• **What the task asks**
Here is the task for the records below: repeat exactly the lines from the one with "This 5-Minute Full-Body" to the one with "World Judo Championships", both included, and nothing else.

• **Data supplied**
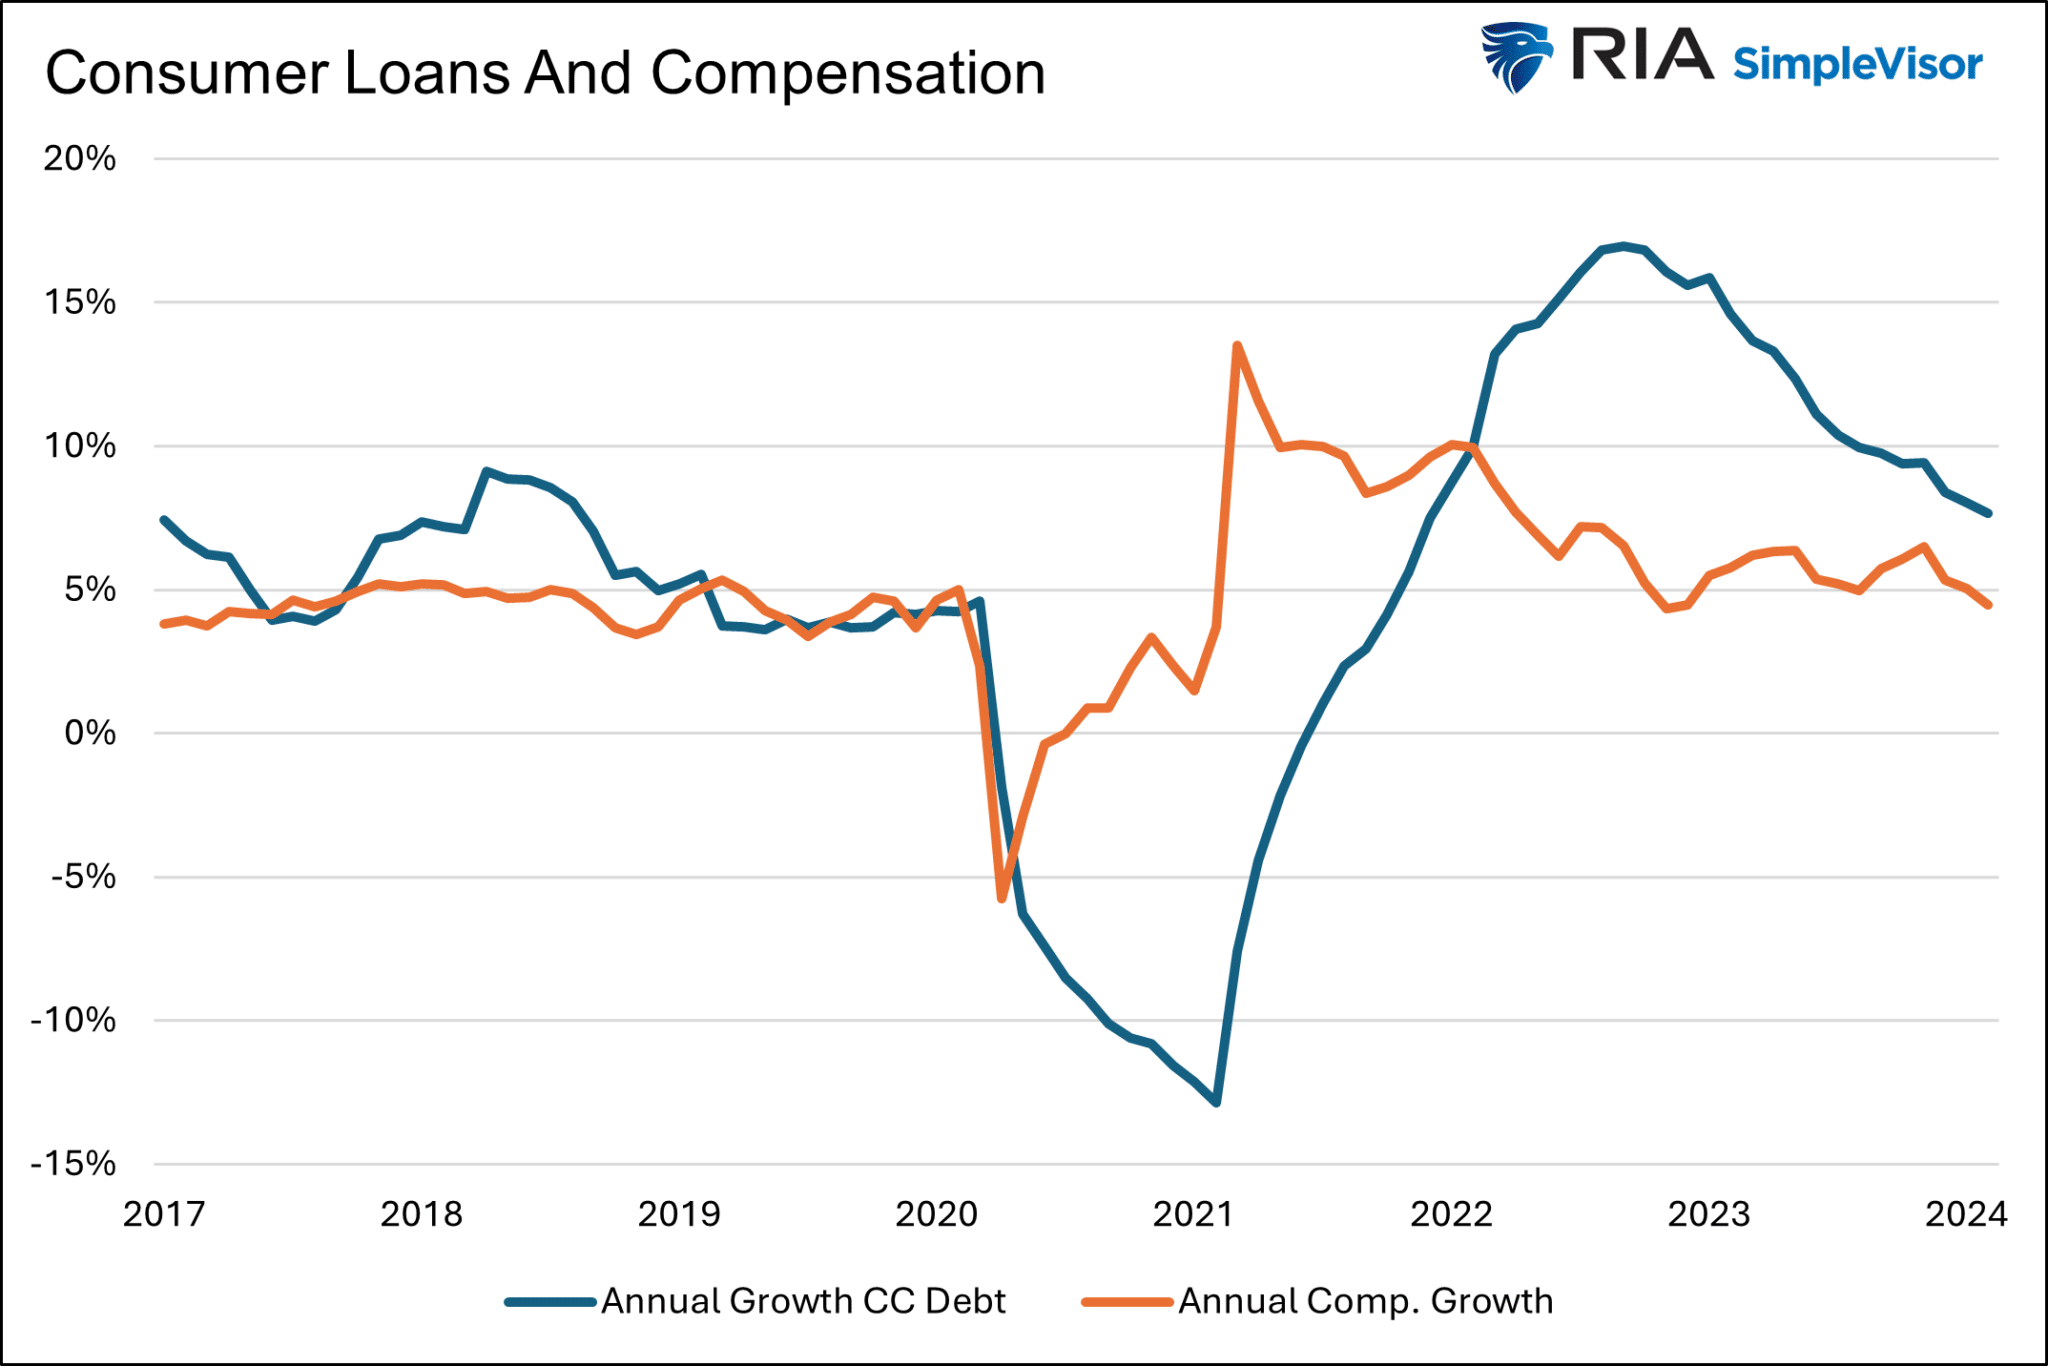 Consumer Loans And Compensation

--

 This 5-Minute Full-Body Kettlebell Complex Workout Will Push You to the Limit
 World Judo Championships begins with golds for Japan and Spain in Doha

• **Output of the task**
 This 5-Minute Full-Body Kettlebell Complex Workout Will Push You to the Limit
 World Judo Championships begins with golds for Japan and Spain in Doha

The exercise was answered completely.